At a launch meeting a couple of weeks back in London, the moderator – the BBC’s Bridget Kendall –  asked the report’s lead author, Phil Vernon, “You clearly seem to have a problem with the MDGs – what’s that about?”

Yes, what is it about? A call for the rich to support the poor that has garnered the support of all UN member states and a glittering array of international stars and celebrities – who could object? Or, more precisely, what’s the nature of the reservation that has been nagging away at some people for a decade since the MDGs were first articulated and is now starting to be aired in a variety of media and forums?

For me the problem with the MDGs comes down to five main inter-related issues:

1. They are not comprehensive so do not fully depict what developing countries should aim for – or what richer countries should assist them in. The MDGs include much that is of fundamental importance for development.* But among the key factors impinging on development that the MDGs wholly leave out are peace, the system of governance, security, law and order, justice, corruption, statutory law, human rights and education beyond primary level. Of course, setting out big development goals in a relatively concise form necessitated selection. However, the items that have been left out are not (or should not be treated as) mere after-thoughts or add-ons; these are some of the fundamental, determinative considerations of development.

Initially, it was the Millennium Declaration that set out the aspirations – a commitment to a better world defined through values, principles and basic goals (take a look at them in the footnote below).** The MDGs took two elements from the Millennium Declaration – #3 on development and poverty eradication and #4 on the environment – and re-fashioned them into eight global goals. The selectiveness of the MDGs, in short, was conscious, a point to which I return below. Even within a narrowly defined view of development, the MDGs are selective, with three focusing on health but none on agriculture, for example, while complex issues of trade, global finance and investment are wrapped up under the heading of MDG #8 on global partnership.
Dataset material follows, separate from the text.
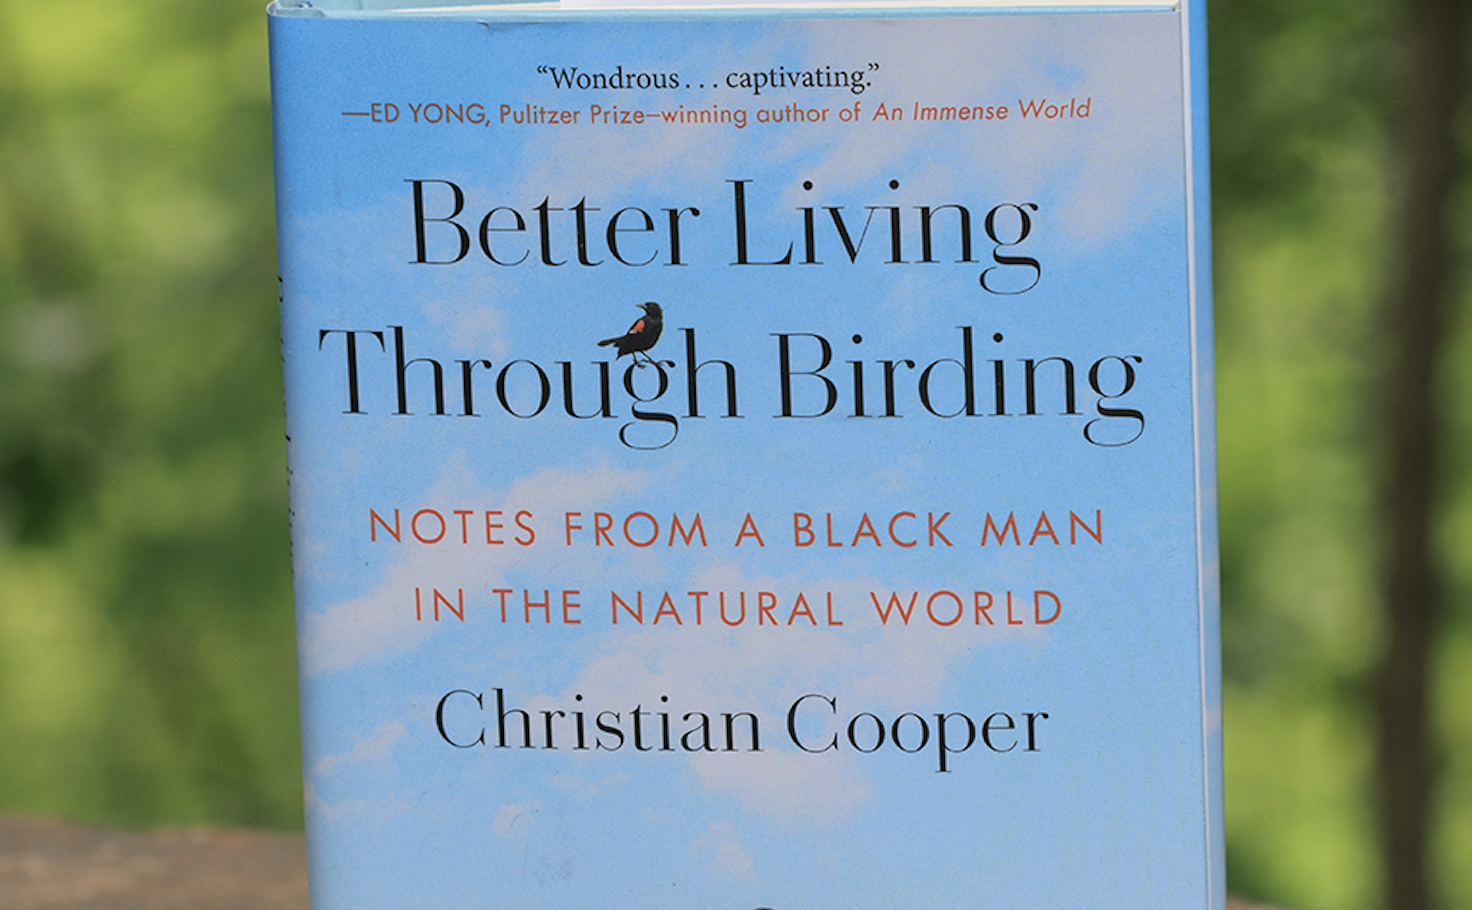 Better Living Through Birding book against a natural background. (photo © Conservancy for Cuyahoga National Park)

2. To a considerable degree, however, the problem resides not in the MDGs themselves but how they are used. Even though the MDGs omit some of the fundamentals of development, nobody could disagree with them. I will not object to the goal of achieving universal primary education by 2015, for example. But when you hear a donor government official say that he cannot fund secondary education because his government, committed to achieving the MDGs, wants education programmes to focus on the primary level, then you think something might be wrong. And I have heard that and comparable sentiments voiced on more than one occasion. In a similar way, for several years the MDGs have given licence to donor government officials to avoid thinking about how to address problems of peace, security and governance in their ODA policies and programmes.

In other words, the real problem is not just that the MDGs are incomplete but that they are treated as if they were a comprehensive guide, which can only produce misleading results.
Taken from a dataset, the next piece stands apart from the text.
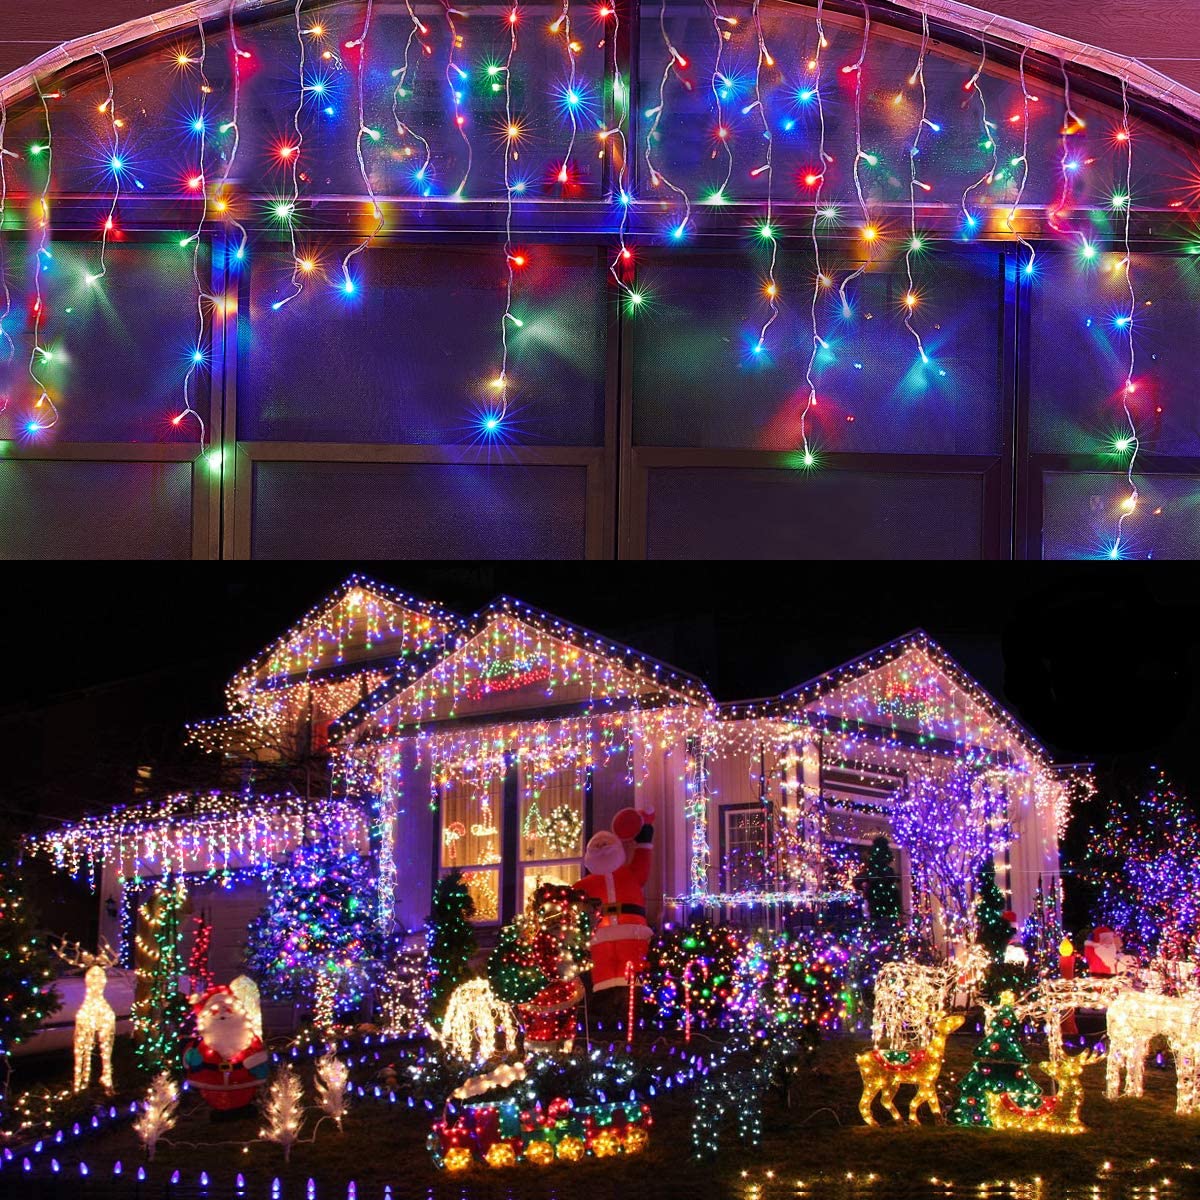 Christmas Decorations For Home Outdoor LED Curtain Icicle String Light Street Garland On The House Winter 220V 5m Droop 0.6-0.8m RGB LED String DailyAlertDeals RGB 3.5m 96 leds EU plug  Steady on

3. The MDGs express some broad aspirations well but creak under the burden of being treated as quantifiable indicators of progress. If the MDGs were treated merely as expressions of intent, there would be much less to dispute. But they have been given the task of measuring progress and thus have become not only both ends and means but also quantitative indicators and planning guides.

From the Millennium Declaration to the MDGs,  out of which came targets and indicators and, now, a whole world of data on development progress. And these indicators have been used not only to assess global progress but also to guide strategic planning for individual countries. With that, the purpose of the MDGs seems to have become thoroughly twisted and this selective set of eight goals has seriously been over-loaded.
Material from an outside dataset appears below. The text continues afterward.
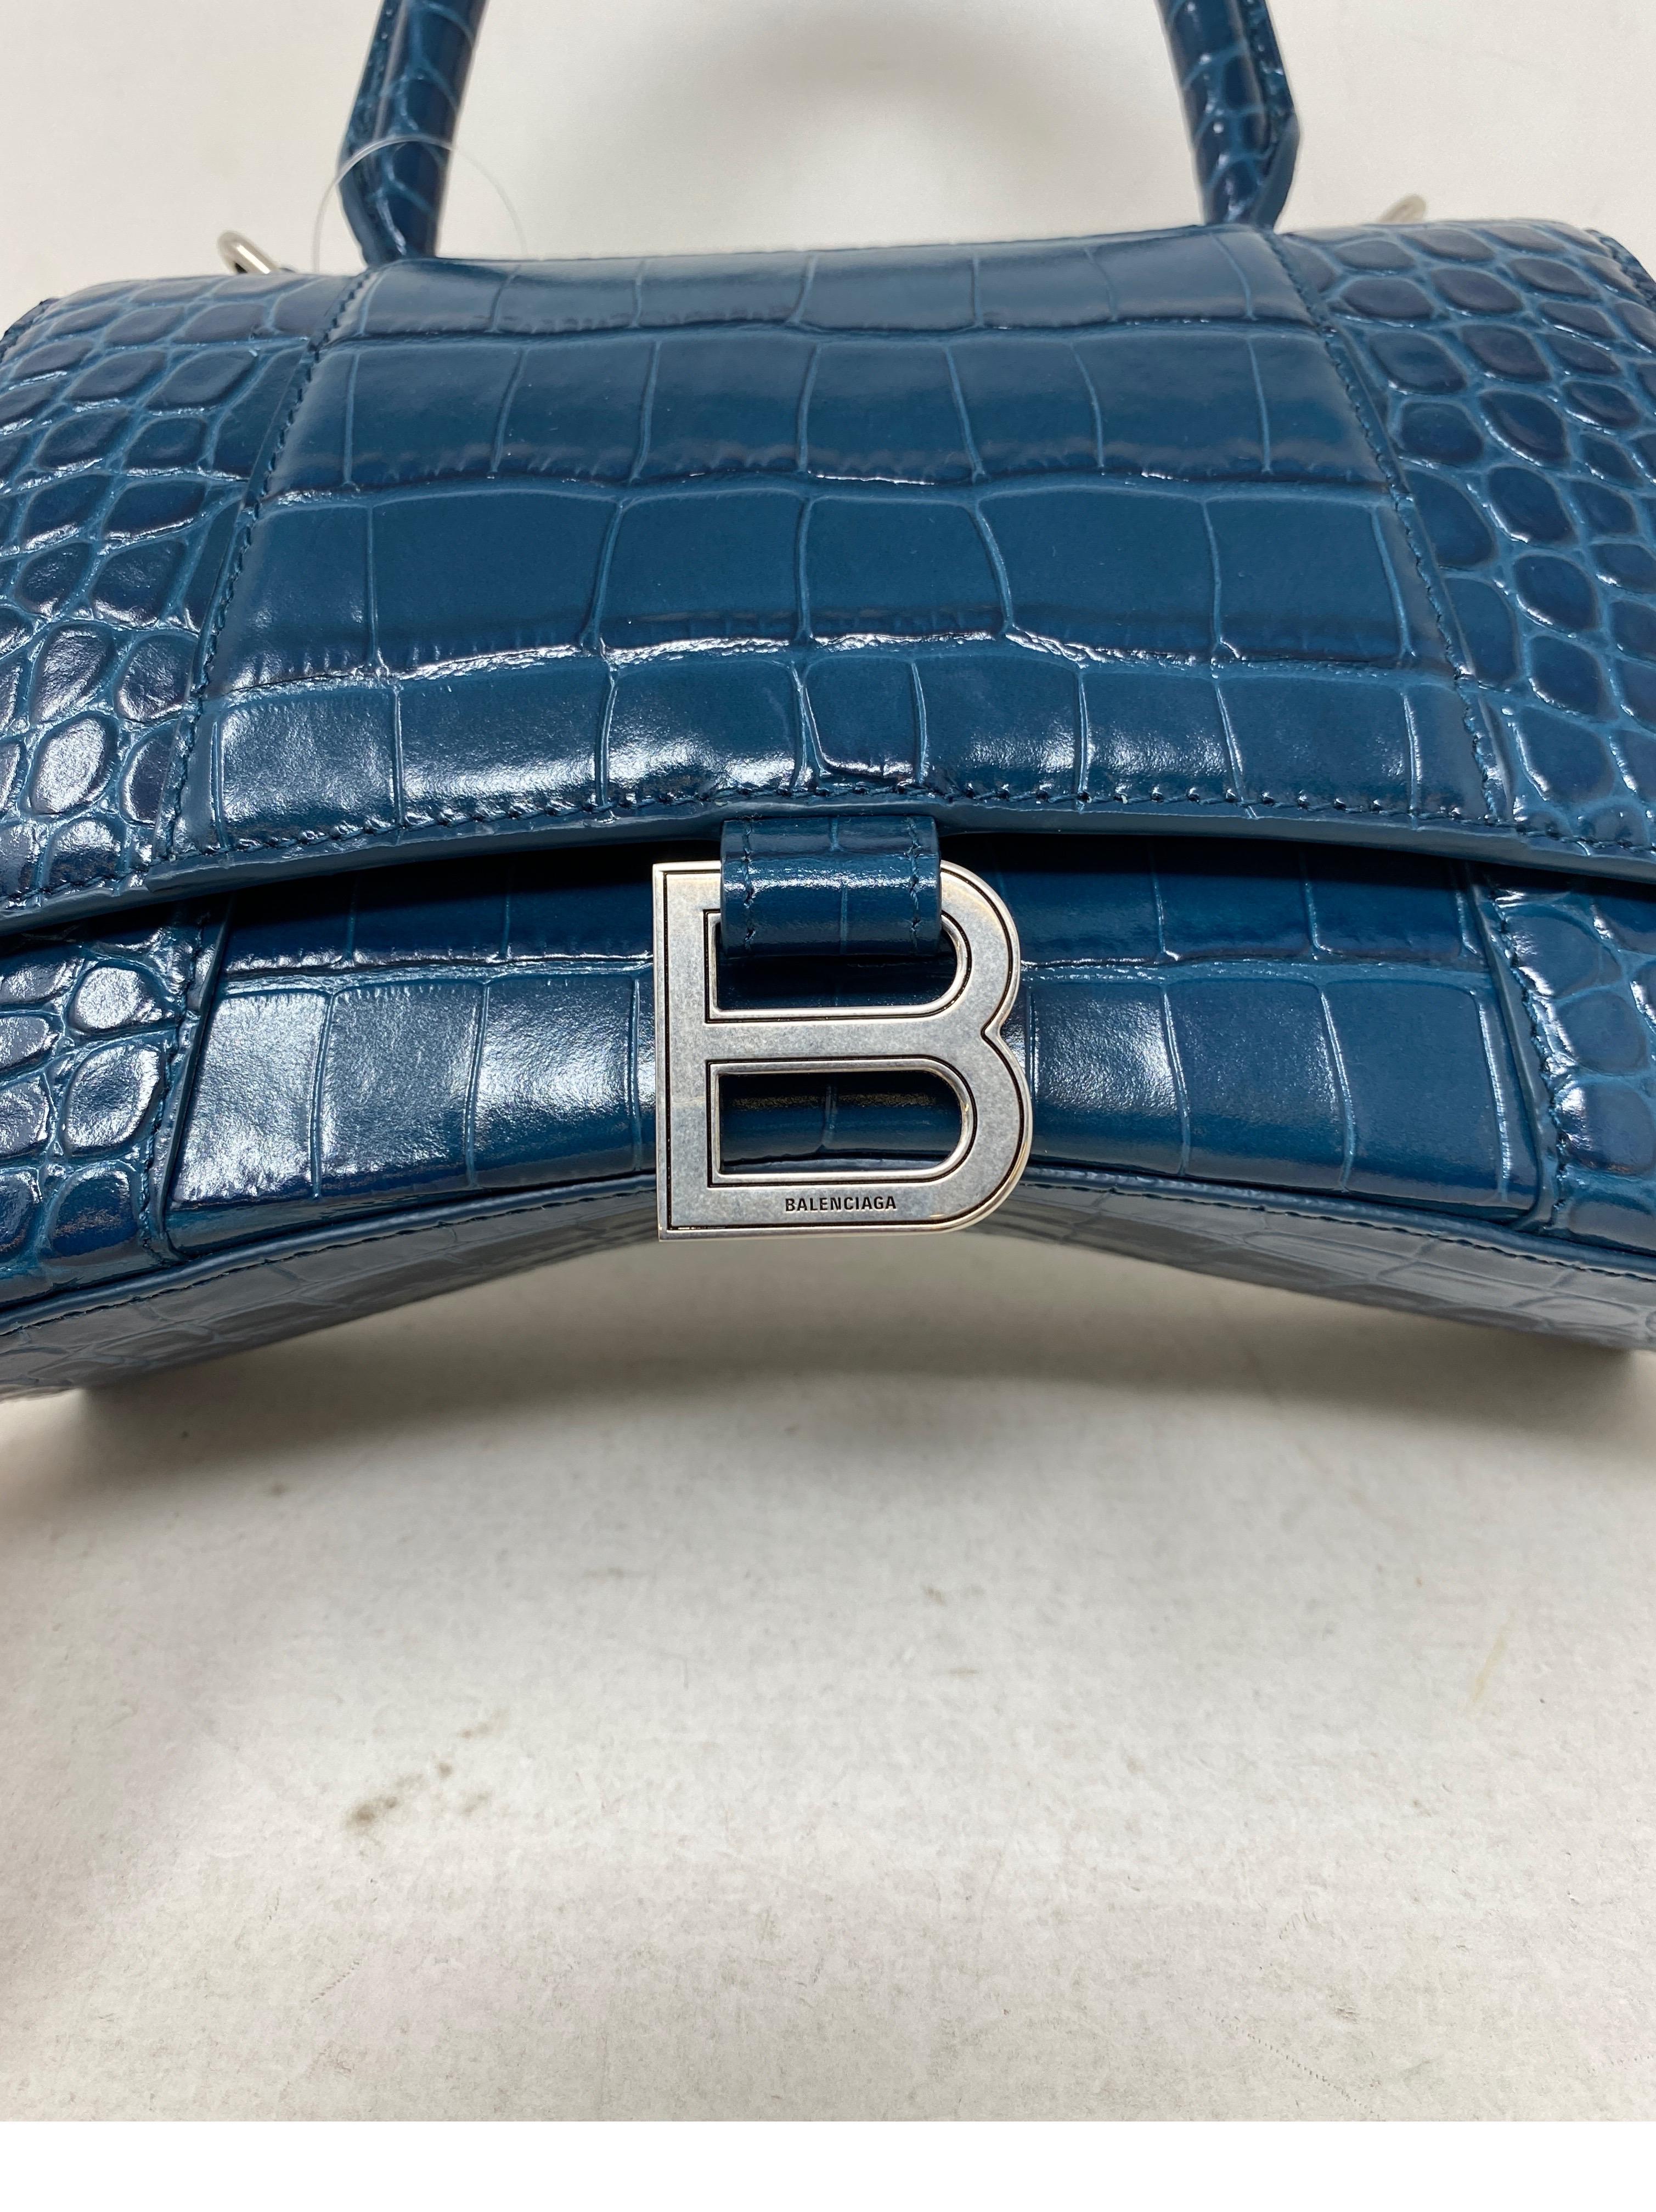 Balenciaga Blue Croc Embossed Hourglass Bag. Small size hourglass bag. Beautiful blue leather. Silver hardware. Unique bag by Balenciaga. Includes dust cover. New with tags. Guaranteed authentic.

I  appreciate the arguments of those who say that the world of ODA has improved and strengthened enormously since 2000 because the MDGs functioned both as a clarion call to support international development and as a concrete, hard-data way of measuring progress and therefore holding political leaders to account.

But the communication potential of the MDGs is one thing; their statistical robustness is another matter entirely. Even so strong a supporter of the MDGs as one of their initial architects, Mark Malloch-Brown, acknowledges that the reason why progress towards halving the number of people living on less than $1 per day (Target 1A) looks pretty good is because of economic growth in China and other parts of Asia (which especially includes India). What goes by in silence is the point that China’s and India’s growth rates have not been fuelled by ODA or indeed by UN or international action.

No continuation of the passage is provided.